In other words, Airflow Datasets allow you to trigger a DAG (Directed Acyclic Graph, a process flow in Airflow) based on the “update” of an input “Dataset”, produced by another DAG for instance. I use “quotes” because it’s all logical. A Dataset is nothing but a string that describes a logical data source or target. It is not connected to actual data, and that’s finally the beauty of it.

It’s simply declarative. For example, you can declare that a flow named MAN_THROWS “updates” a Dataset named BALL. And you can declare that a flow named DOG_RUNS is triggered when Dataset BALL is updated. You just created a dependency between MAN_THROWS and DOG_RUNS. If MAN_THROWS is triggered (for example based on a time event) and runs successfully, then Dataset BALL will be marked as updated which will trigger DOG_RUNS. It’s probably a tiny bit more subtle but you get the idea, and we will provide more examples further down.

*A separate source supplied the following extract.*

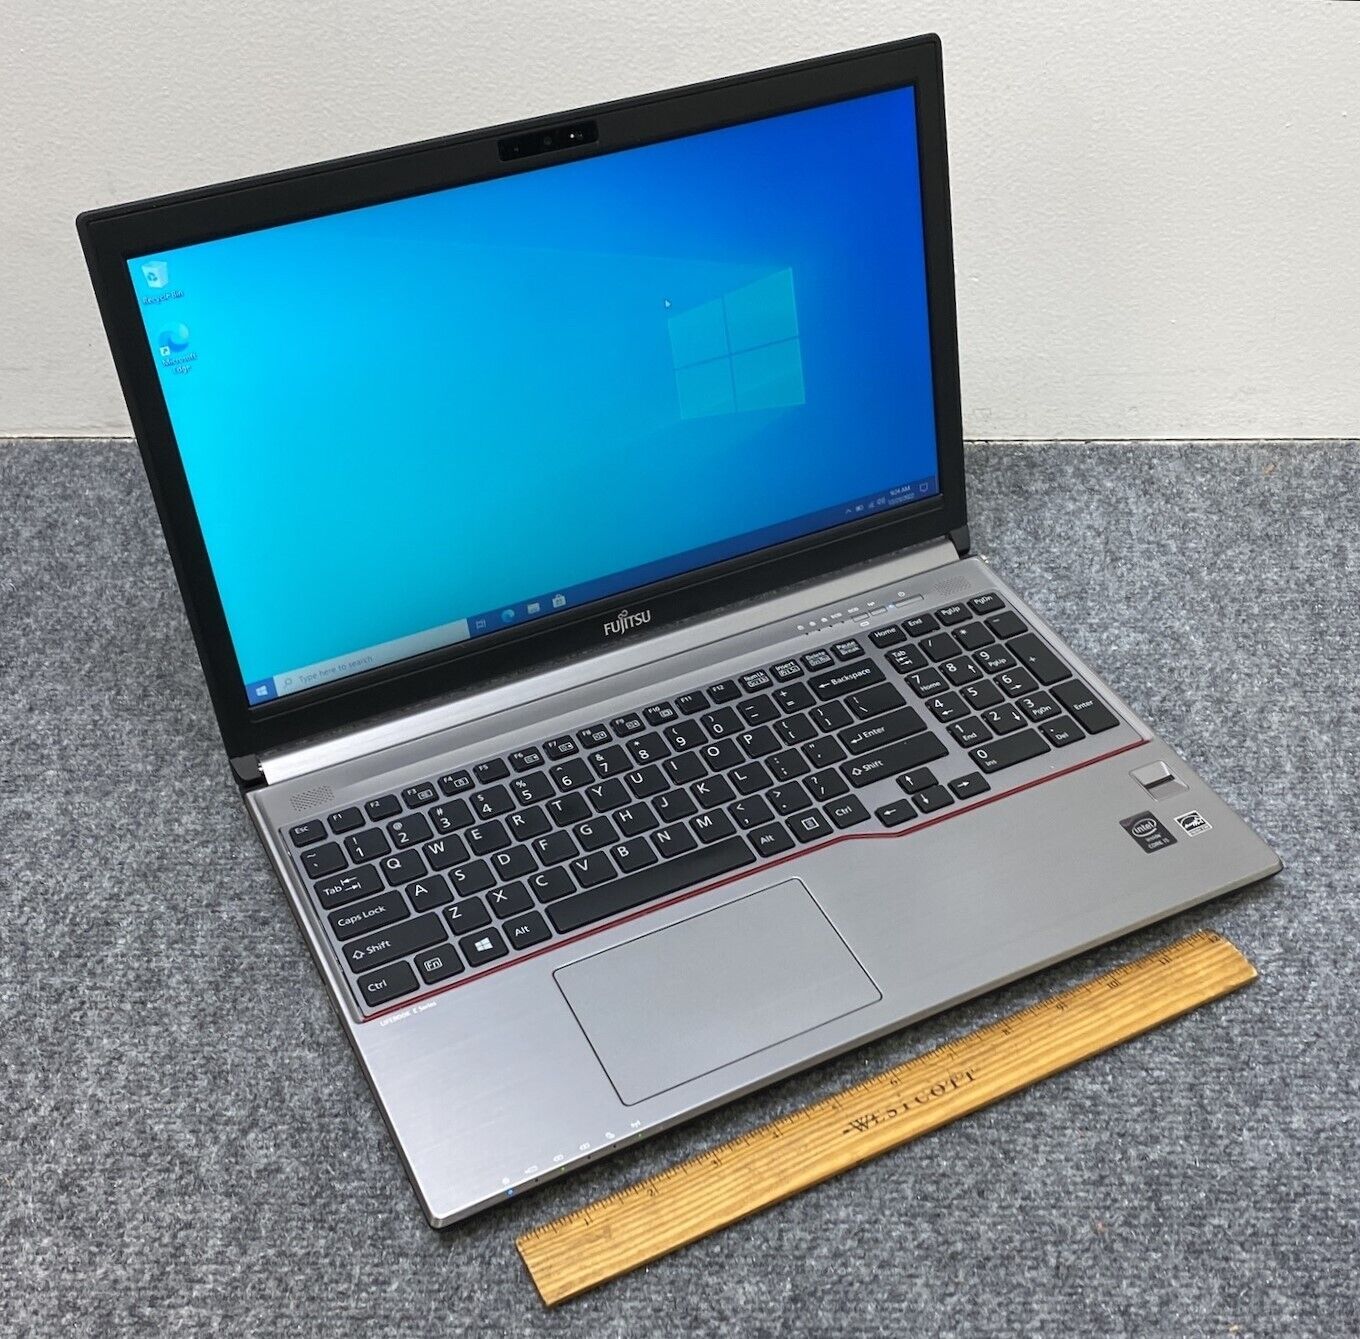 Fujitsu LifeBook E754 15.6” Laptop i5-4200M, 4 GB RAM, 128 GB SSD

How to declare an Airflow Dataset?

An Airflow Dataset is defined using a URI and remember that an Airflow Dataset is not connected to any data systems. It’s just a string and Airflow will not check the existence of the data it represents. So, you can be very creative about it. Let say we have a flow (DAG) whose goal is to update a fact table named ORDERS stored as a SAS data set (yes, it’s confusing, right?) in a SAS library named SALES, you could define the Airflow Dataset as:

sas://sales/orders

And that’s it. You defined an Airflow Dataset URI.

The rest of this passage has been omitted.